Wise’s treatment of this case tends to overstate both its practical achievements and its usefulness in illuminating the ordinary functioning of the writ of habeas corpus. Wise’s book examining this case is titled “Though the Heavens May Fall: The Landmark Trial that Led to the End of Human Slavery.”Footnote 22 The title “Though the Heavens May Fall” comes from the Latin maxim Fiat justicia, ruat coelumi (“Let justice be done, though the heavens may fall”), invoked by the presiding judge in the trial.Footnote 23 The subtitular reference to this as the trial that “led to the end of human slavery” exaggerates the role of this English decision in ending the American system of racialized chattel slavery, which drew to its formal close over one hundred years later,Footnote 24 within a different legal jurisdiction, and in the wake of economic transformation, a civil war, and the rebellion and advocacy of enslaved and formerly enslaved people themselves.Footnote 25 The titular reference to “the end of human slavery” erases the persistence of slavery as an economic and social practice around the world.Footnote 26 This description also obscures the fact that even within the United States, “involuntary servitude…as punishment for a crime” remains a legally permissible and highly raced carceral practice.Footnote 27

Wise describes the writ’s use in Somerset v. Stewart as “[p]aradigmatic,” suggesting that this was a typical example of the writ’s operation.Footnote 28 In fact, this was quite an exceptional case.Footnote 29 The availability of habeas corpus and other legal mechanisms for reviewing the legality of the detention of enslaved people generally posed little or no disruption to the institutions of American racial slavery.Footnote 30 The court’s conclusion that Somerset could not lawfully be held as a slave depended on a finding that his common law liberty rights had not been displaced by statute: “The state of slavery is of such a nature, that it is incapable of being introduced on any reasons, moral or political; but only by positive law… : it’s so odious, that nothing can be suffered to support it, but positive law.”Footnote 31 In other words, if English legislation had authorized Somerset’s enslavement, the writ would not have issued. Even within England, the Somerset judgment was confined to the individual case before the court, and was not followed by a “rush for writs” on behalf of other enslaved people within England.Footnote 32 The impact of the decision was even slighter within American states, where slavery was authorized and regulated by statute. As legal historian Paul Halliday has observed in connection with this case, “[h]abeas corpus, by its nature, could not enable a judge to declare illegal an entire system of bondage created by colonial legislatures.”Footnote 33 The writ of habeas corpus is available to review the legality of detention; insofar as slavery or other kinds of detention were lawful, the writ posed no threat to associated systems of confinement. The availability of the writ of habeas corpus is entirely consistent with ongoing, systemic, legalized confinement.
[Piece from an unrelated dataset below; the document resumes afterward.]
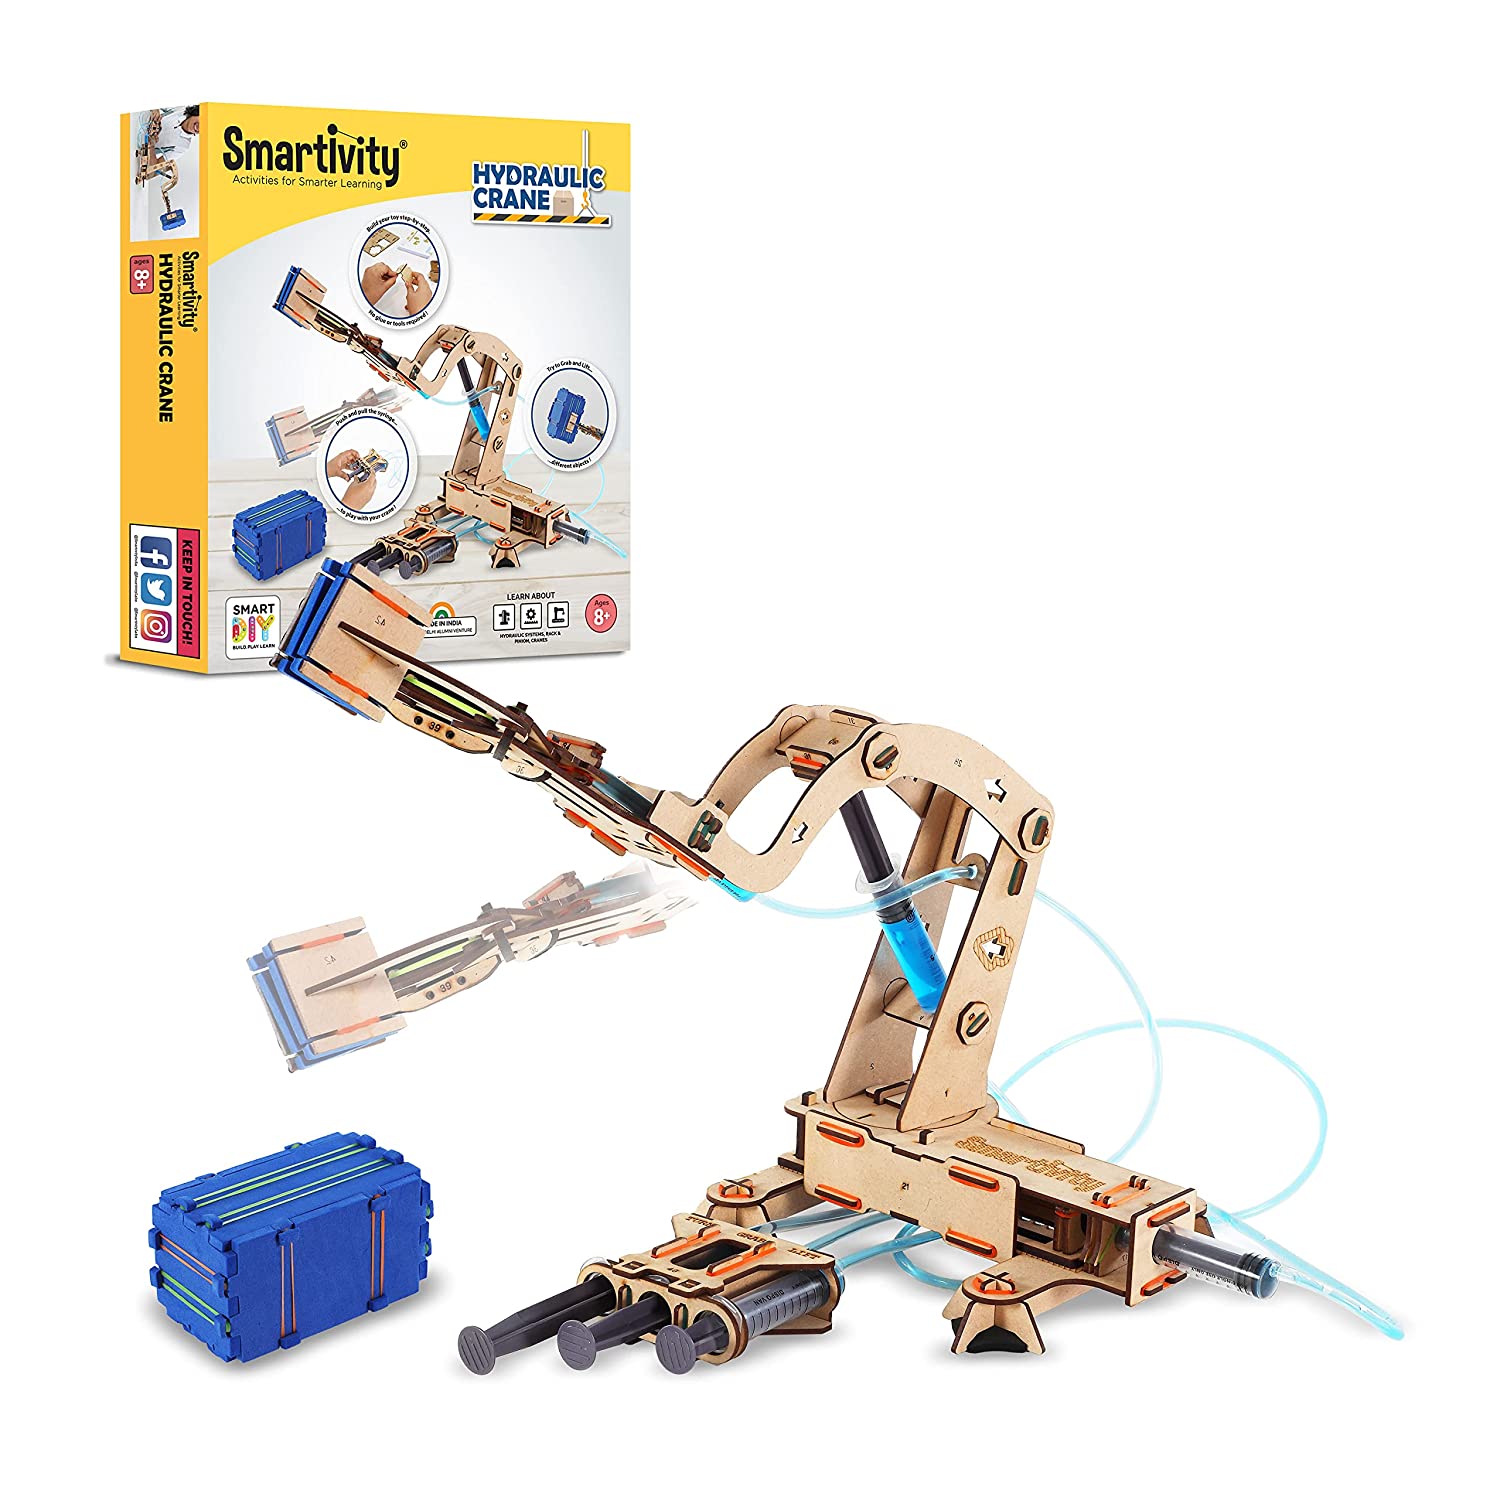 Smartivity Hydraulic Toy Crane for Kids and Infants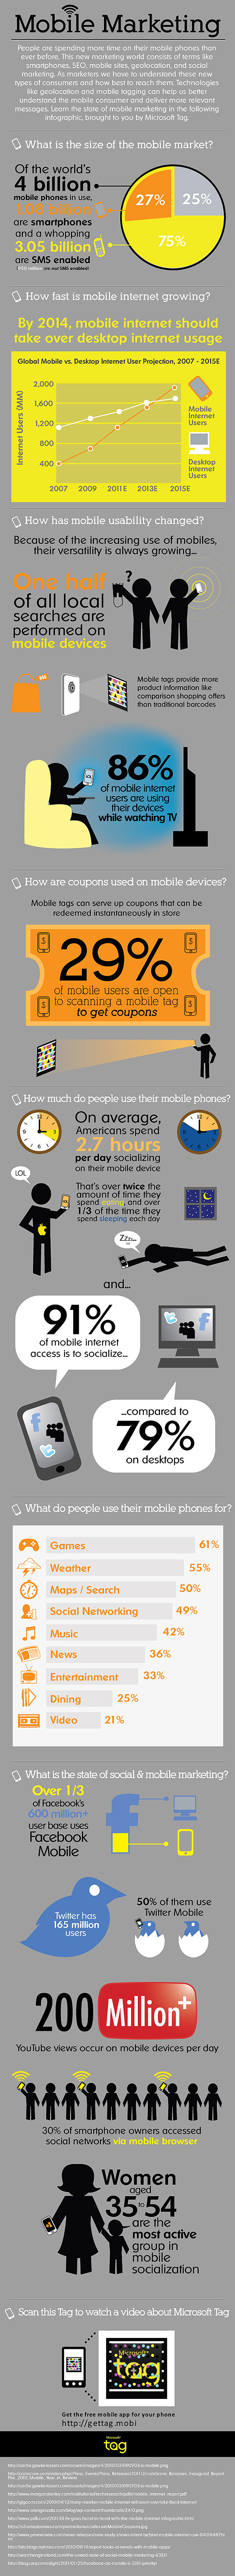 Infographic explaining the growing importance of mobile marketing

Exaggeration of the writ’s role in bringing slavery to an “end” is part of a broader, damaging rhetorical strategy that has often been deployed by animal advocates. Analytic links (implicit and explicit) between contemporary animal use and American racial slavery have been pervasive in the animal advocacy movement,Footnote 34 despite persistent objections. Animal advocates have been criticized for taking an interest in chattel slavery not to attend to its complexity and ongoing impacts, but with the aim of “pronouncing it dead and naming animal slavery as its successor.”Footnote 35 As Angela Harris has observed, these analogies often depend on an “implicit assumption that the African American struggle for rights is over, and that it was successful” – an implication that is both inaccurate and potentially harmful to the ongoing justice struggles of Black Americans.Footnote 36 Claire Jean Kim elaborates that such an approach “relentlessly displaces the issue of black oppression, deflecting attention from the specificity of the slave’s status then and mystifying the question of the Black person’s status now.”Footnote 37

The retelling of the human history of habeas corpus as one of triumph – especially triumph over legalized forms of race-based violence and confinement in the United States – is both misleading and dangerous. Black Americans continue to experience disproportionate levels of state violence, including through policing, surveillance, and mass incarceration.Footnote 38 The availability of habeas corpus has not dismantled these systems, nor has it eliminated their disparate impacts along racial lines. Habeas corpus – the Great Writ of Liberty – thus continues to operate within racially ordered carceral systems that confine and kill human beings. The writ has not been a wrecking ball of justice, boldly demolishing systems of confinement, “though the heavens may fall.”Footnote 39 Instead, the writ has served as a more modest legal tool – one that has curbed the excesses of those carceral practices that are illegal even within systems that generally authorize violence and detention.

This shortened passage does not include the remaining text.